TWO WEEKS ago I found myself in conversation with Dr Hans Blix, head of the United Nations weapons inspection team ahead of the Iraq invasion in 2003.
Dr Blix told me that Tony Blair’s claims about Saddam Hussein’s weapons of mass destruction were simply not an accurate reflection of the intelligence provided to the British government.
“The big difference in the British dossier,” Dr Blix told me, “was that they simply asserted that these items are there. But when Mr Blair asserts that there were weapons, well that’s an assertion and it was not supported by evidence. Both the UK and the US replaced question marks by exclamation marks. I certainly think it was a misrepresentation.”
He was talking about how cautious assessments were turned into bold statements by Blair and the UK government. For example, intelligence chiefs gave this assessment on March 15 2002: “Intelligence on Iraq’s weapons of mass destruction and ballistic missiles programmes is sporadic and patchy.”
Three weeks later, the prime minister stridently claimed: “We know that he [Saddam Hussein] has stockpiles of major amounts of chemical and biological weapons.”

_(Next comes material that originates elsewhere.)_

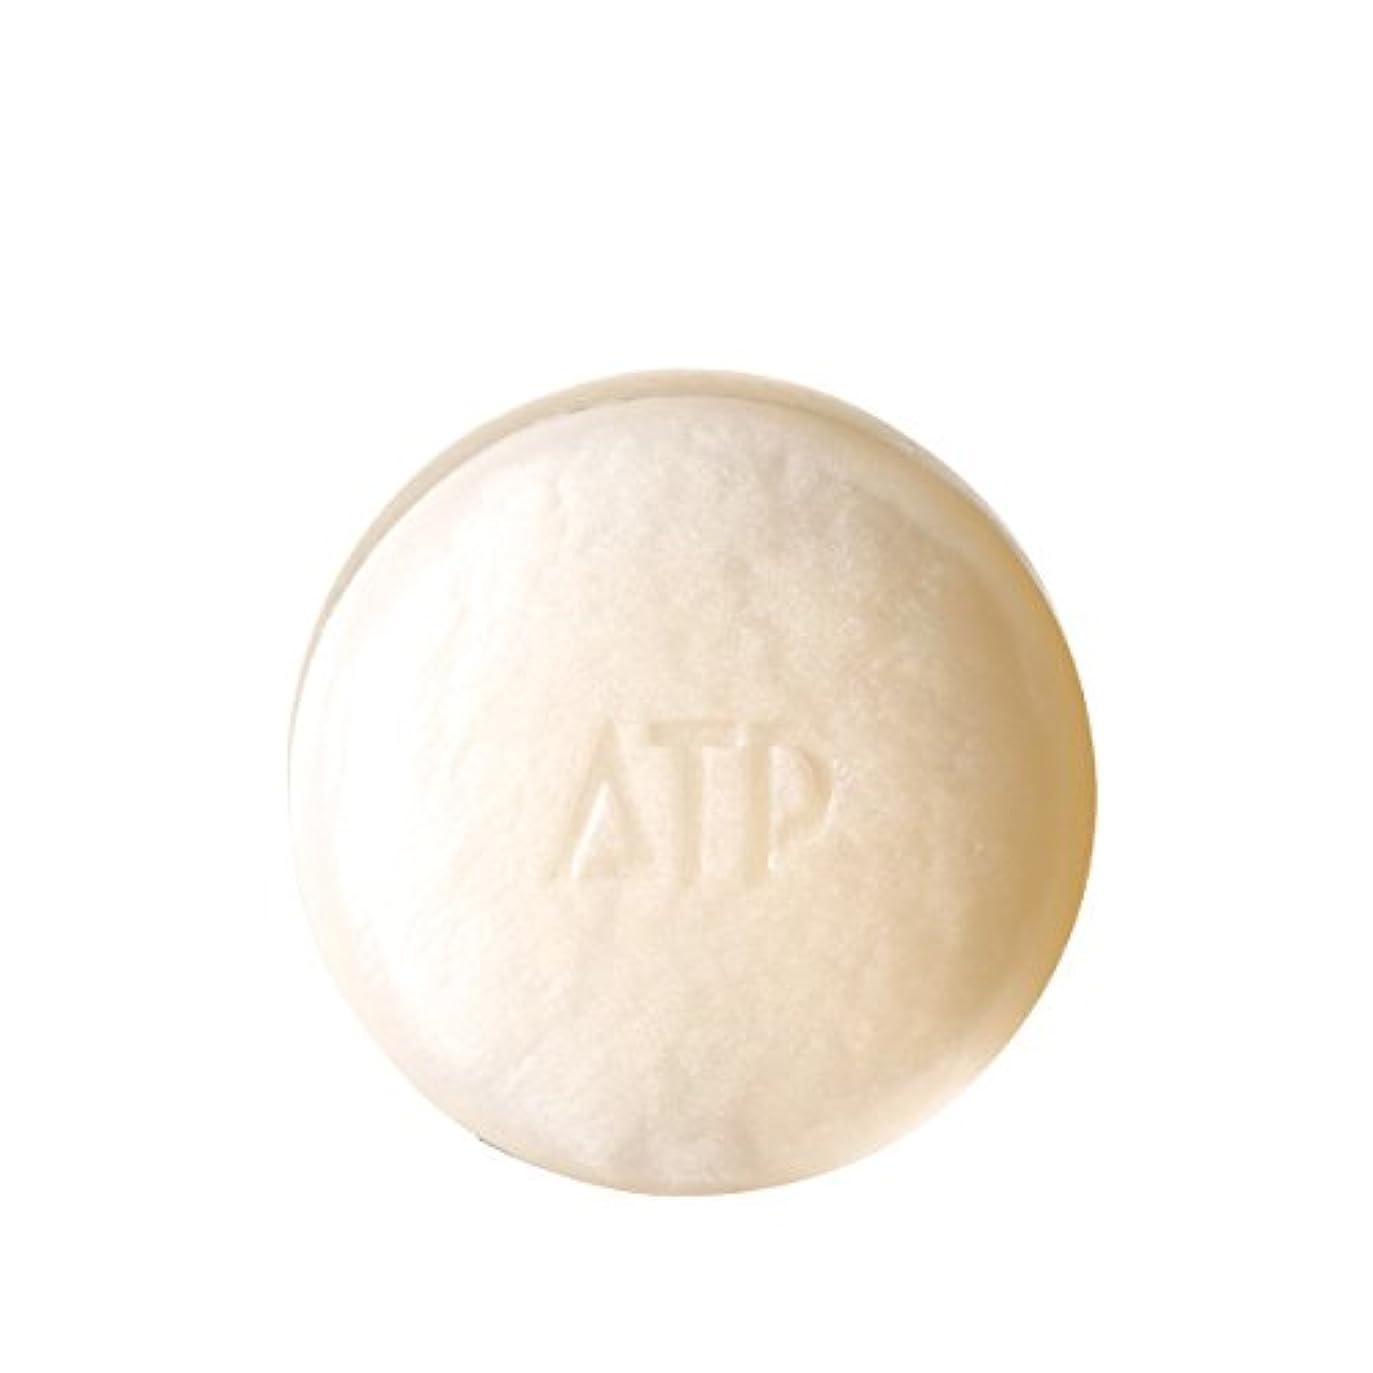 ばかげている伴う失うラシンシア ATP デリケアソープ 100g 【全身用洗浄石けん】

Shaken by the force of his testimony I eventually said to Dr Blix: “That’s devastating. And so basically you are telling me that Mr Blair misrepresented the truth, lied indeed to the British parliament in order to make the case for an illegal war?”
He paused. Then he said: “Well, I’m a diplomat, so I’m not using such… such words. But in substance, yes. They misrepresented what we did and they did so in order to get the authorisation that they shouldn’t have had”.
Lies, delays and a national embarrassment
Dr Blix’s comments were made before Tony Blair claimed to CNN earlier this week that the information he had received was “wrong”. As far as Hans Blix is concerned, Tony Blair misled the British public and parliament about the intelligence he was given.
My conversation with Dr Blix was the culminating moment of my search for the truth about how Britain came to invade Iraq. It is now a matter of days before John Chilcot will write to David Cameron setting out the timetable for publication for his long delayed inquiry into the Iraq war.